Two types of matroidal structure of generalized rough sets

基于邻域粗糙集模型和覆盖粗糙集模型,分别构造了两类拟阵结构,即邻域上近似数诱导的拟阵和覆盖上近似数诱导的拟阵。一方面,通过广义粗糙集定义了两类上近似数,并证明了它们满足拟阵理论中的秩公理,从而由秩函数的观点出发得到了两类拟阵;另一方面,利用粗糙集方法研究了这两类拟阵的独立集、极小圈、闭包、闭集等的表达形式,说明了粗糙集中的上近似算子与拟阵中的闭包算子的关系,进一步通过探讨覆盖和拟阵的关系,得到了覆盖中的元素及其任意并是由覆盖上近似数诱导的拟阵的闭集。

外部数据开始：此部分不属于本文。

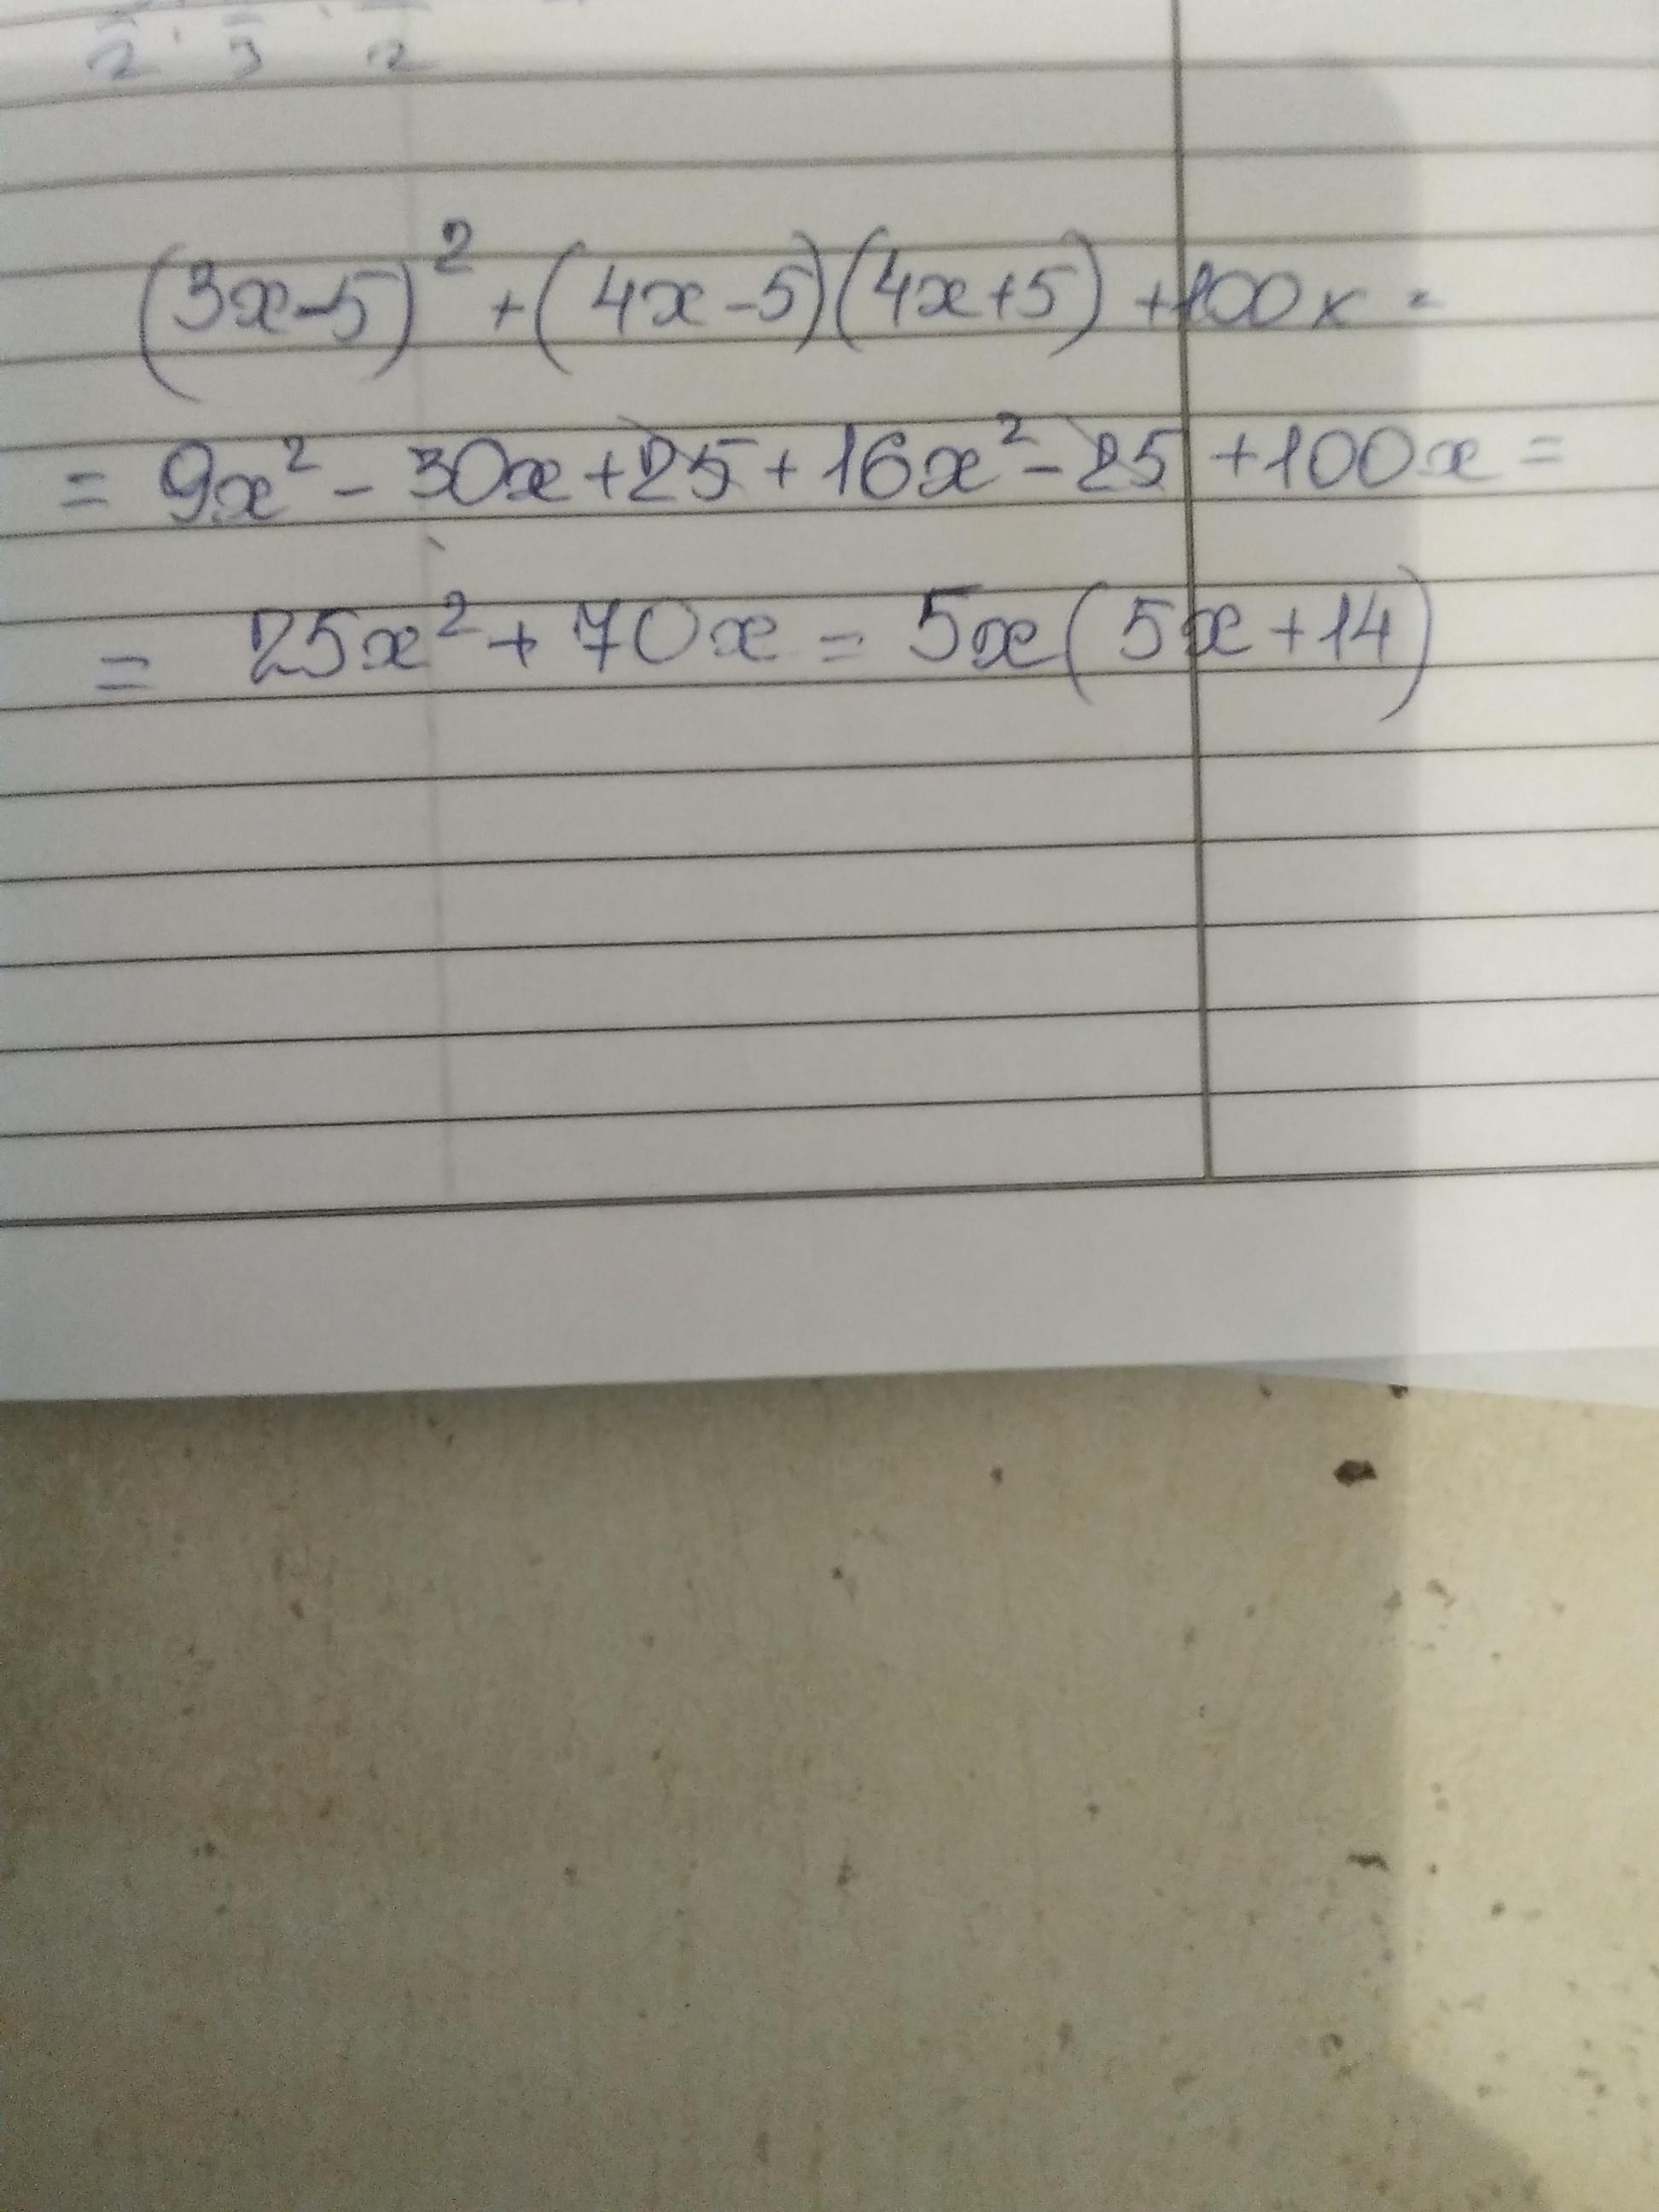 Упростите выражение (3х-5)^2+(4х-5)(4х+5)+100х Даю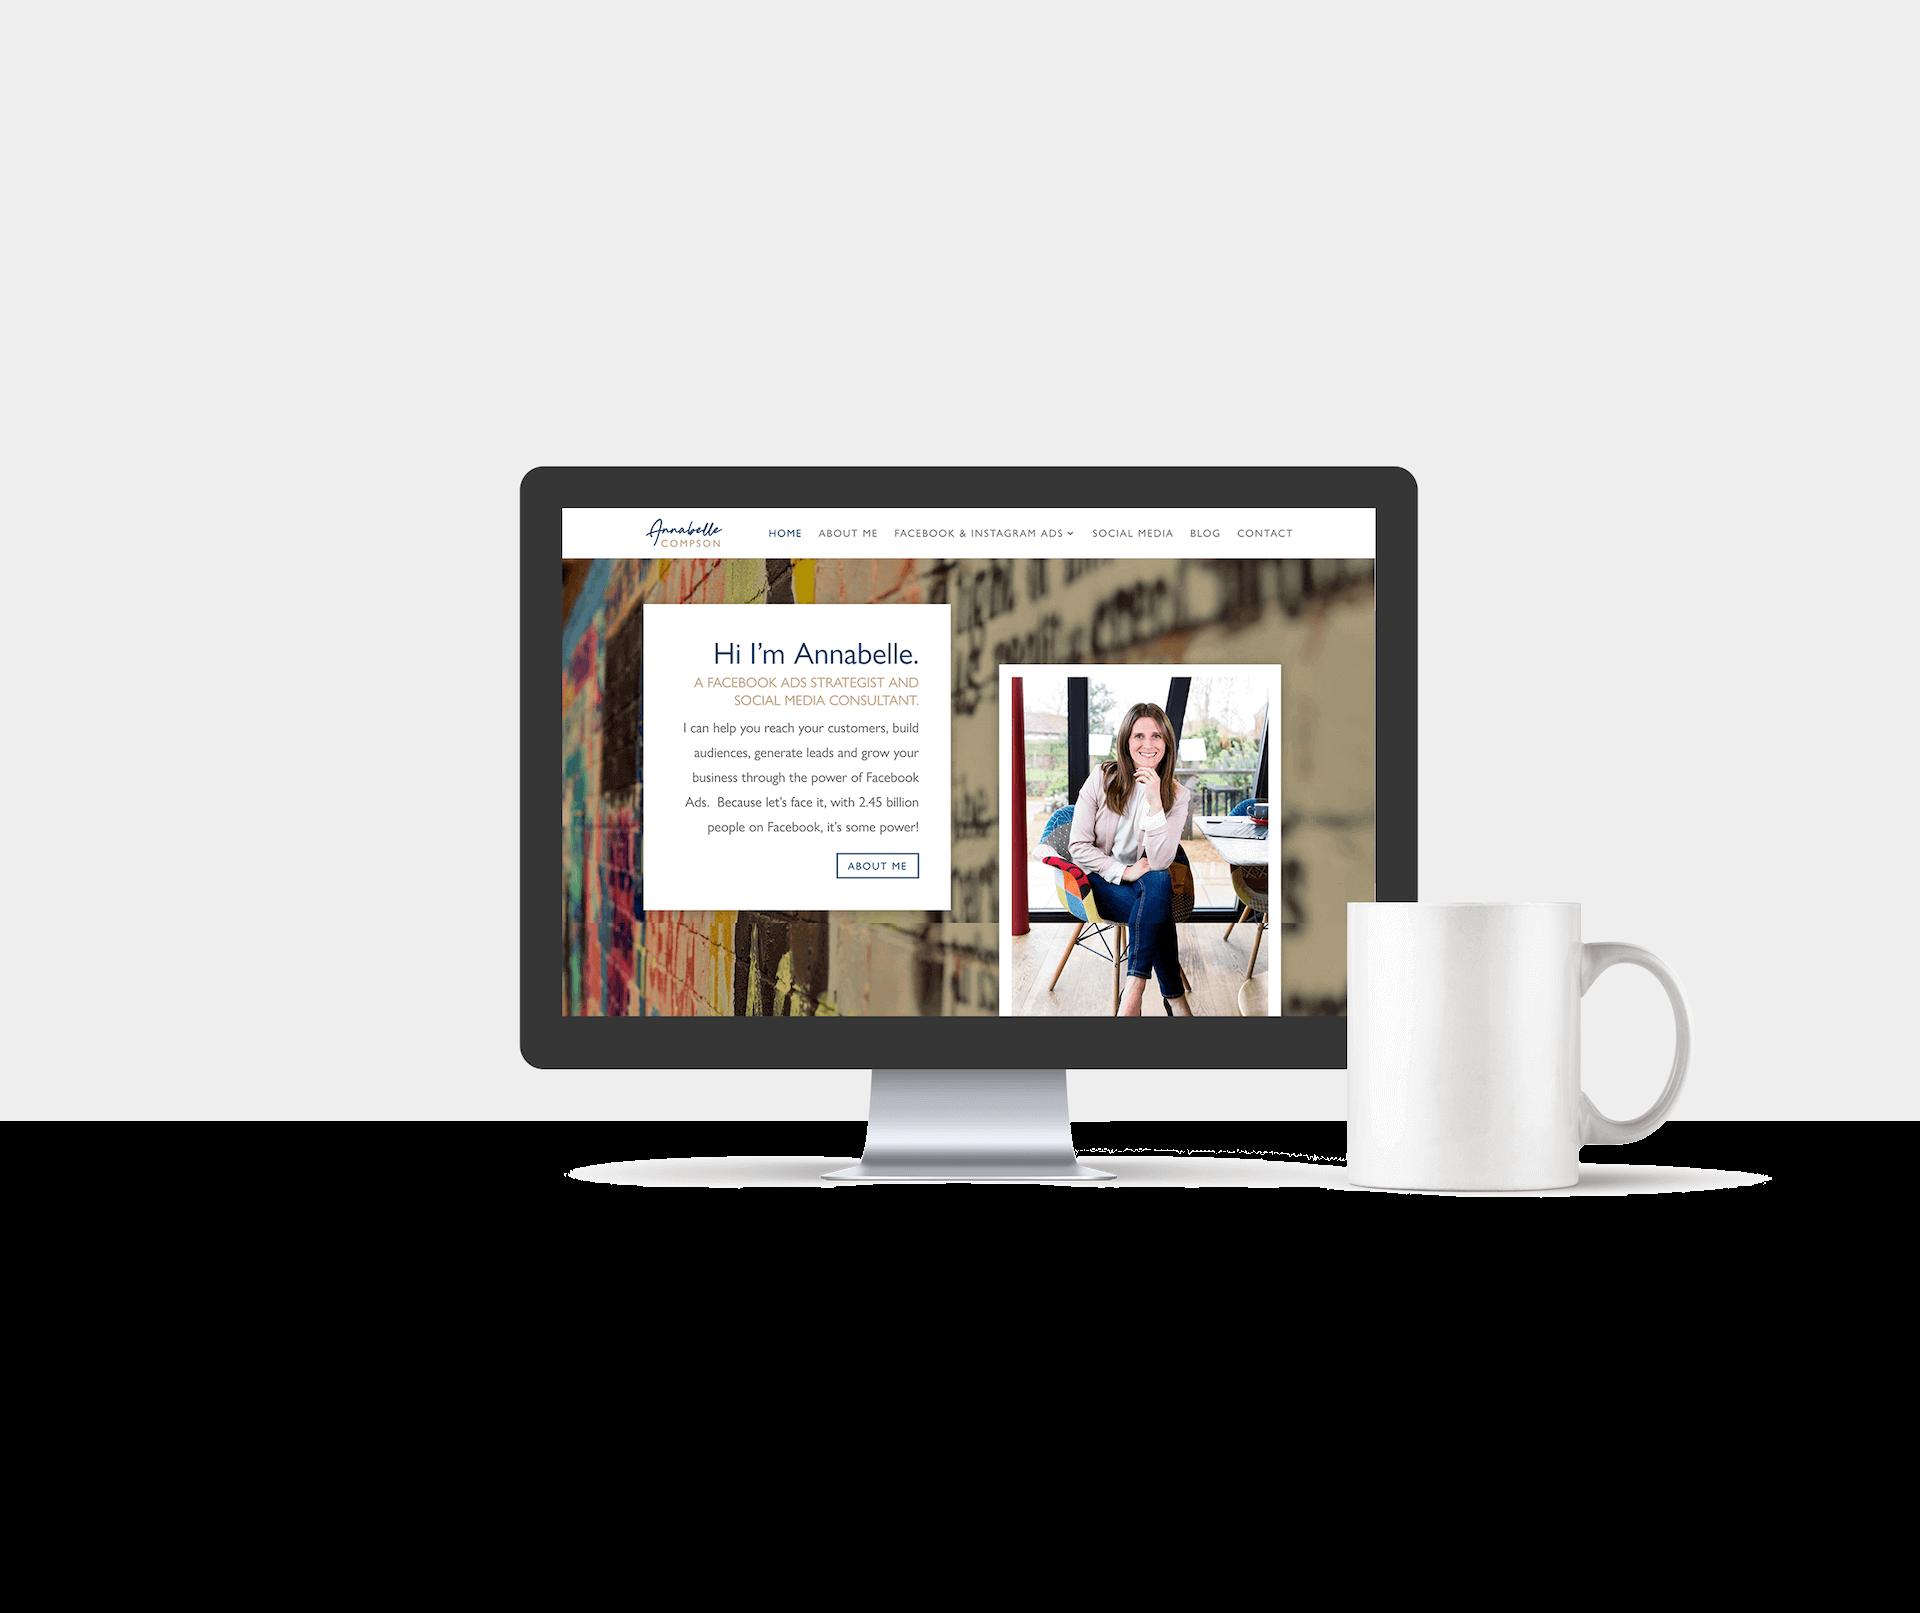 Website design for Annabelle Compson

Based on neighborhood-based rough set model and covering-based rough set model,two matroidal structures which were matroid induced by neighborhood upper approximation number and matroid induced by covering upper approximation number were constructed. On one hand,two types of upper approximation number were defined through generalized rough set,and they were proven to satisfy rank function axiom in matroid theory,thus two types of matroids were obtained from the viewpoint of the rank function. On the other hand,some properties,such as independent sets,circuits,closures,closed sets,were proposed through rough set approach. Moreover,the concentions between upper approximation operators and closure operators were investigated. Futhuremore,the relationship between the covering and the matroid was studied. Result shows that elements and any union of them in covering are the closed sets of matroid induced by covering upper approximation number.